In times where we are socially distanced we want to show that emotionally we are still close. Making it a goal to harvest as many of the emotions of a physical thank you as possible into the receiving card experience we decided to create an animation that combined the feeling of opening a present with the feeling of being flooded with notifications on social media.

Onboarding animation frames

Onboarding animation, designed in Figma, animated in After Effects

Step Three · Evaluate

Usability testing revealed critical gaps

Around 3–4 months after handing off designs to engineering, we entered our second phase of user research. The research team led heuristic evaluations and usability testing of the deployed product.

Heuristic evaluation annotations

Evaluation findings mapped directly onto our deployed wireframes

"Where do the cards save to? It's a little confusing. I can't really tell..."

Overall, 24 violations were found across a severity scale of 1–5. Three key categories became our next design focuses.

Finding 01

User Control and Freedom

Users needed clearer ways to undo, navigate back, and feel in control at every step of the experience.

Finding 02

Visibility of System Status

The system needed to better communicate where content was saving and what state the user was in at any given moment.

Finding 03

Flexibility & Efficiency of Use

Power users needed shortcuts. New users needed clearer onboarding paths. One size wasn't fitting all.

Key findings summary

Key findings with severity ratings across the 24 violations

Step Four · Iterate

Wayfinding was the core thread

After reviewing the violations, a common theme emerged: wayfinding issues. I led a customer journey mapping session with the team to pinpoint areas of ambiguity and brainstorm new flows.

Customer journey map

Customer journey map built collaboratively, surfacing the key moments of confusion

One feature we identified as especially high impact: a gallery mode for quickly scanning individual cards. We started with a whiteboarding session, moved through low-fidelity, then built out the full design.

Gallery mode whiteboard

Whiteboard exploration of gallery layout options

Gallery mode high-fidelity

High-fidelity gallery mode design

Gallery mode wireframes

Low-fidelity wireframes mapping the full gallery view system

Three features that defined the experience

Solution 01

Onboarding Experience

Majority of this project was worked on during the COVID-19 pandemic. We wanted to replicate the feelings of opening an unexpected gift from a friend as virtually as we could. What better way than through an extravagant opening animation!
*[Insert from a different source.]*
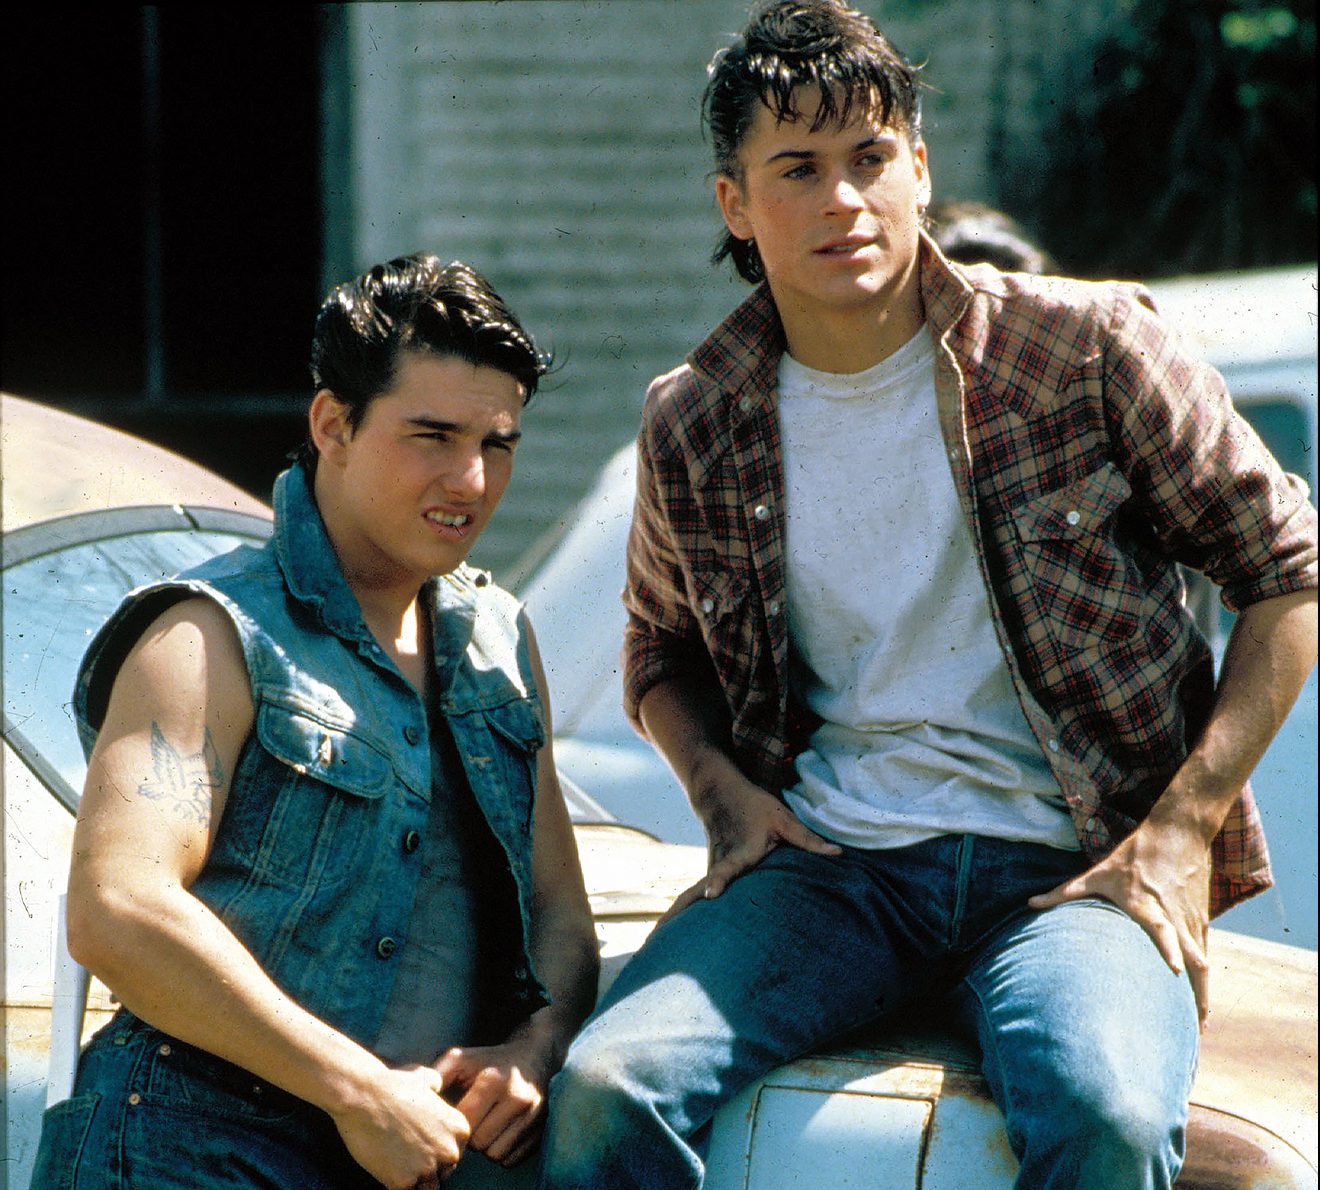 Rob Lowe reveals he was meant to play Kevin Bacon's role in Footloose

Onboarding experience final

Solution 02

Customizable views

Customizable Views

We wanted the viewing experience to be as tailored to the receiver as the cards themself. With three different views, the card receiver can choose to skim a large deck of cards or individually read and cherish each card based on their preferences.

Solution 03

Cherishing Old Decks

One of the new features we added after user testing is a review decks page. This is a space for users to view all the previous decks they have received and think back to all the wonderful times they've been appreciated for their hard work.

Cherishing old decks — Received Decks UI

Iterate, iterate, iterate, and push past what's comfortable

Gratitude was one of the longest projects I worked on at Tech4Good, and it taught me the real value of continuously revisiting your work to meet both product and user goals.

Animating was completely outside my comfort zone. Looking back, I'm glad I pushed. Having a working prototype was essential for aligning the broader team around our UX vision, and it opened up a part of my design practice I'd never explored before.

Currently in phase two of deployment, excited to see the UCSC community using it.